That’s not to say his pieces are unsophisticated. They are balanced and thoughtful. They’re also quite whimsical. Personally, when I viewed it as a whole, Watson’s body of work left me feeling a sense of childlike amazement, like I’d stepped out of my Subaru and into a fairy tale, complete with little stone mushrooms and a Tolkein-inspired potting shed. (A gift for his wife, he explains, who is a huge fan of the trilogy. “Our license plates are BAG END and SHIRE,” he adds.) As we walk around the trails of his property, he reveals that his pieces are often about big ideas, big themes, and big moments. The miniature Stonehenge is about “mystery, curiosity, and wonder.” (“Stonehenge itself is a mystery,” he adds. “We don’t know why it’s there, what it does.”) A pair of stone circles is about motherhood, he says, because it “always reminded me of a mother and a child.” The stones that mark the path to the water are “about security, because they let me know where I am going.” Some pieces he built for his wife, others he built for his kids. Sometimes, he builds art for his friends. He’s also auctioned off a few pieces for charity. Once, he donated a piece to the Augusta Arboretum. It stands amid the trees, a pyramid made of local sedimentary rock, gray and flat.

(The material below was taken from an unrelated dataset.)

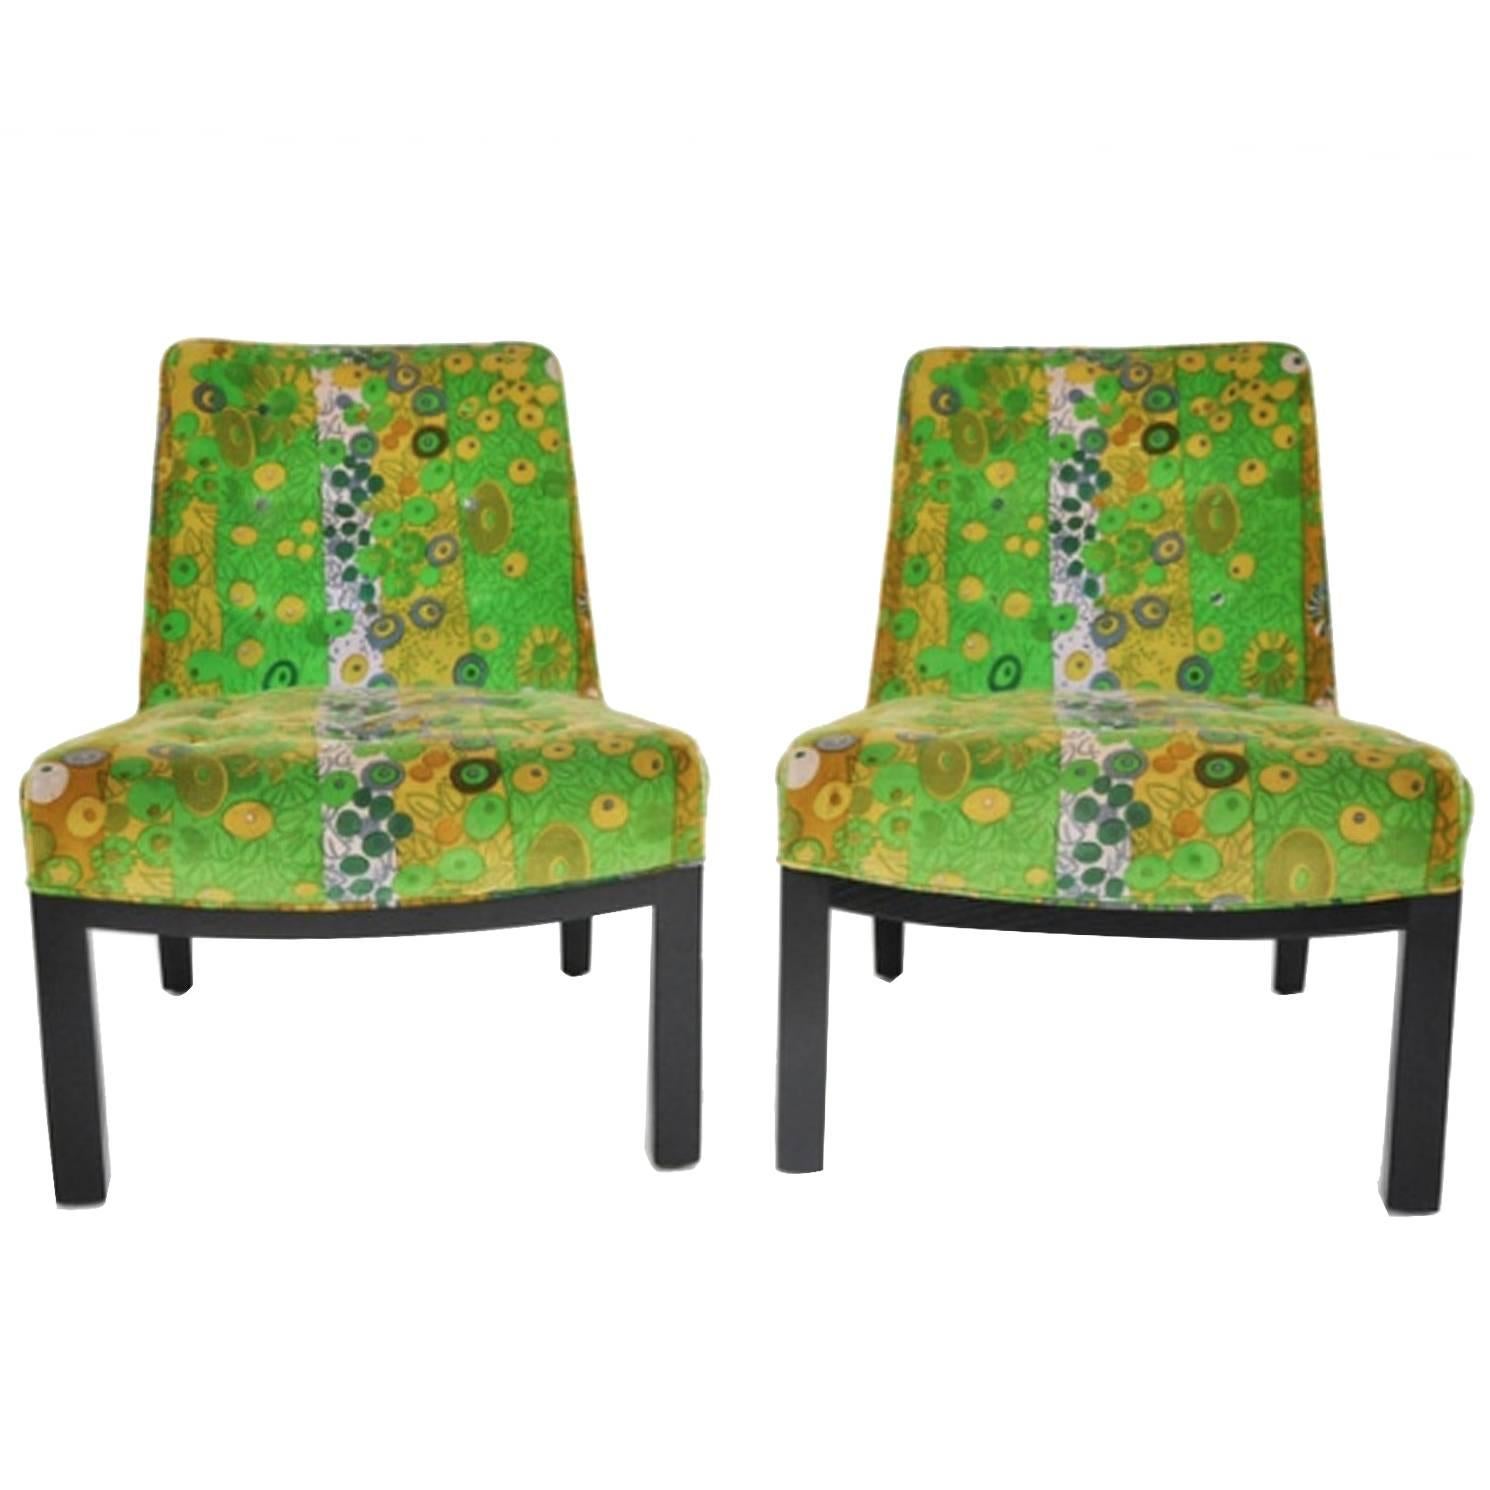 Very Rare Original Jack Lenor Larsen Fabric on Edward Wormley's Slipper Chairs For Sale
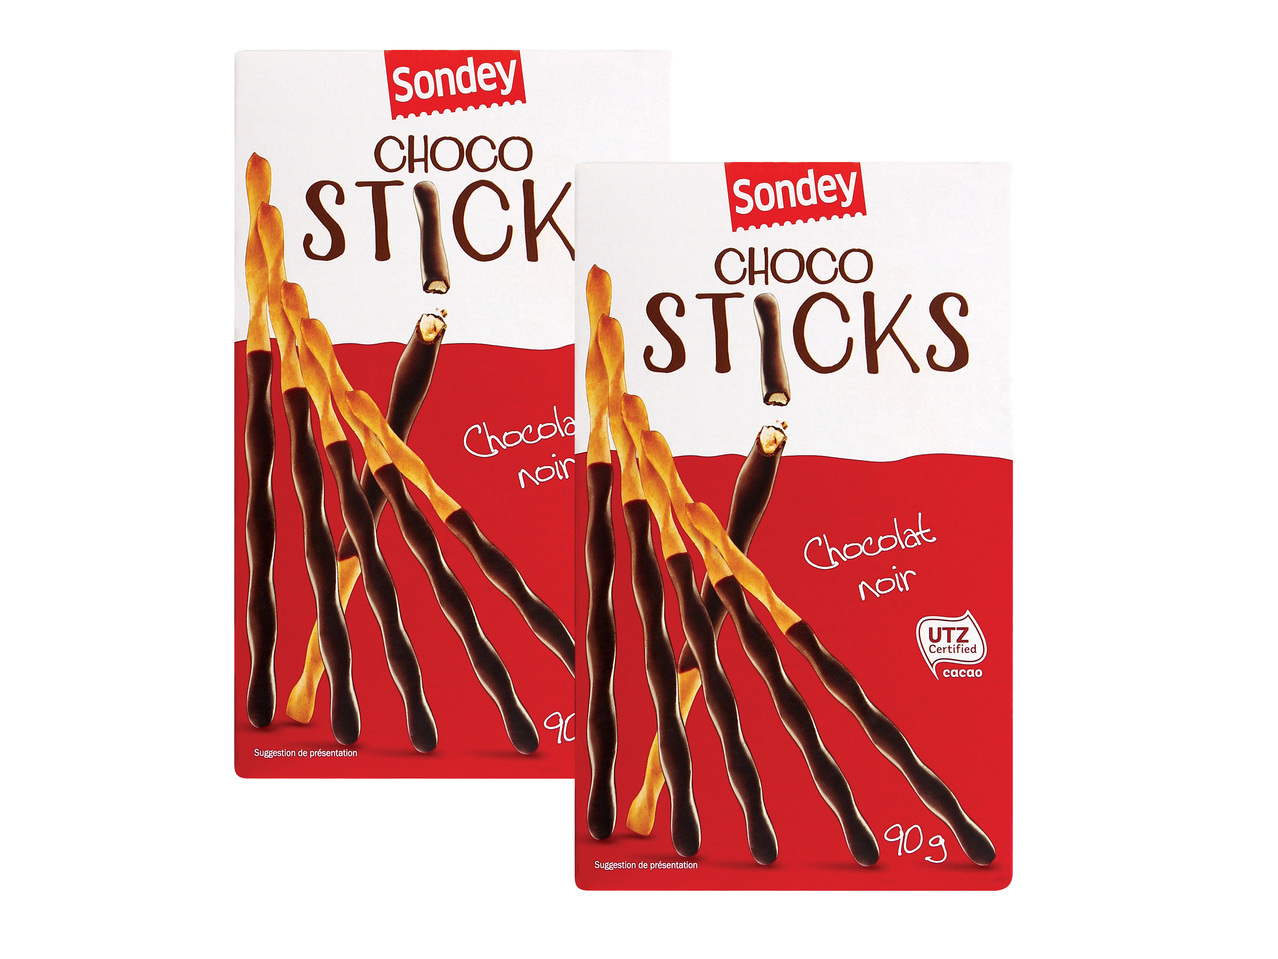 Choco sticks1

But that’s the only public place you can see Watson’s art. Other than the one at the Arboretum, all his pieces are located on private property. “I guess you could call me up for a tour,” he says, but that’s not something he’s ever done before. He creates these pieces because he likes how it makes him feel, and he likes wandering the woods, building cairns, taking the lower limbs off trees, clearing the area for a new sculpture. He’s composed his surroundings to create an outdoor museum where nothing is for sale and everything is constantly moving. It’s meditative work, he explains.

“There’s another factor,” he says after we’ve been talking for some time and circling around the idea. “People often ask the question, ‘Why do you do stonework?’” Once, he tells me, he was at a cookout with a friend, and instead of waiting for Watson to answer, his friend jumped in: “He does it to deal with his own mortality,” the friend said.

“He was right,” Watson tells me. “Stones have been here forever, but they are always moving. The earth is always swallowing them up and spitting them back out. Every stone wall that has ever been built, including the pyramids, will go away some day.” But still, he finds the idea that his rocks will outlast him rather comforting: “It’s making a literal mark on the landscape. It’s a nice illusion of permanency.”